AI Agent Ergonomics¶
W3Pilot includes features designed specifically for AI agents to interact with web pages more effectively.
Overview¶
AI agents face unique challenges when automating browsers:
- Discovery: Finding interactive elements without prior knowledge of the page
- Validation: Verifying selectors before attempting interactions
- Recovery: Understanding what went wrong when actions fail
- State Management: Saving and restoring browser state across sessions
W3Pilot addresses these with purpose-built tools.
Page Inspection¶
The Inspect method scans the page and returns a structured inventory of interactive elements:
result, err := pilot.Inspect(ctx, nil)
if err != nil {
log.Fatal(err)
}
fmt.Printf("Page: %s\n", result.Title)
fmt.Printf("URL: %s\n", result.URL)
// Discover buttons
for _, btn := range result.Buttons {
fmt.Printf("Button: %s - %s\n", btn.Selector, btn.Text)
}
// Discover inputs
for _, input := range result.Inputs {
fmt.Printf("Input: %s (%s) - %s\n",
input.Selector, input.Type, input.Label)
}
Inspection Options¶
Control what elements to include:
opts := &w3pilot.InspectOptions{
IncludeButtons: true,
IncludeLinks: true,
IncludeInputs: true,
IncludeSelects: true,
IncludeHeadings: true,
IncludeImages: true,
MaxItems: 50, // Per category
}
result, err := pilot.Inspect(ctx, opts)
Inspect Result Structure¶
type InspectResult struct {
URL string
Title string
Buttons []InspectButton // button, input[type=submit], [role=button]

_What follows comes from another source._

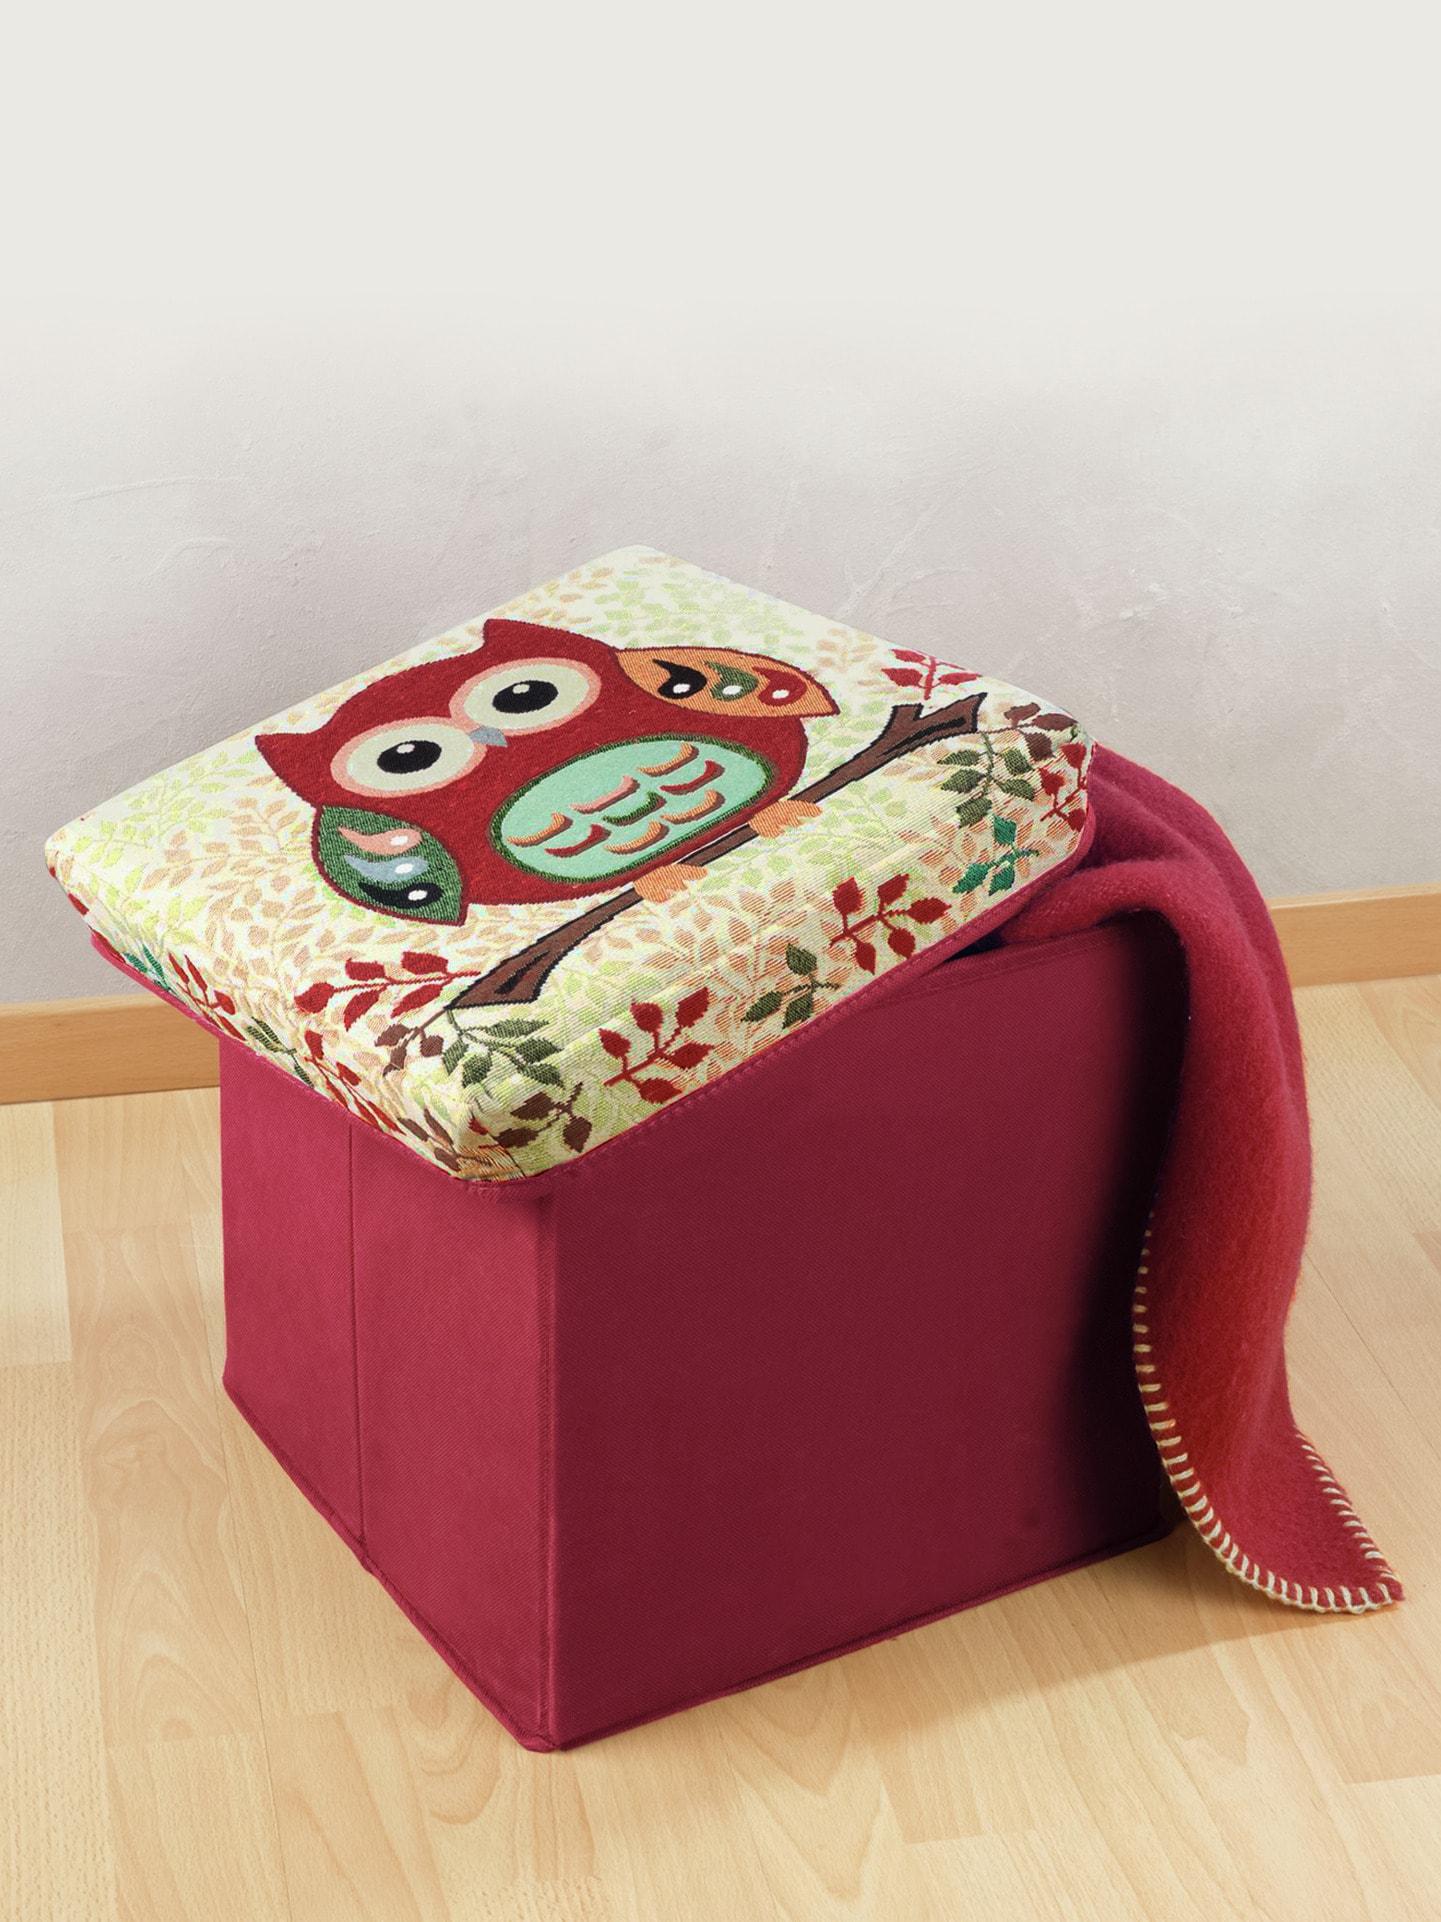 sitzhocker mit stauraum eule im online shop bequem kaufen avena. Black Bedroom Furniture Sets. Home Design Ideas

Links []InspectLink // a[href]
Inputs []InspectInput // input, textarea
Selects []InspectSelect // select
Headings []InspectHeading // h1-h6
Images []InspectImage // img[alt]
Summary InspectSummary
}
type InspectButton struct {
Selector string
Text string
Type string // button, submit, reset
Disabled bool
Visible bool
}
type InspectInput struct {
Selector string
Type string // text, password, email, etc.
Name string
Placeholder string
Value string // Masked for password fields
Label string // Associated label text
Required bool
Disabled bool
ReadOnly bool
Visible bool
}
MCP Tool¶
{
"name": "page_inspect",
"arguments": {
"include_buttons": true,
"include_links": false,
"max_items": 25
}
}
CLI Command¶
# Full inspection
w3pilot page inspect
# JSON output for parsing
w3pilot page inspect --format json
# Exclude categories
w3pilot page inspect --no-links --no-images
# Limit items
w3pilot page inspect --max-items 100
Selector Validation¶
Before interacting with elements, validate selectors to check existence and state:
results, err := pilot.ValidateSelectors(ctx, []string{
"#login-button",
"#username",
"#password",
"#nonexistent",
})
for _, v := range results {
if v.Found {
fmt.Printf("FOUND: %s (tag=%s, visible=%t, enabled=%t)\n",
v.Selector, v.TagName, v.Visible, v.Enabled)
} else {
fmt.Printf("NOT FOUND: %s\n", v.Selector)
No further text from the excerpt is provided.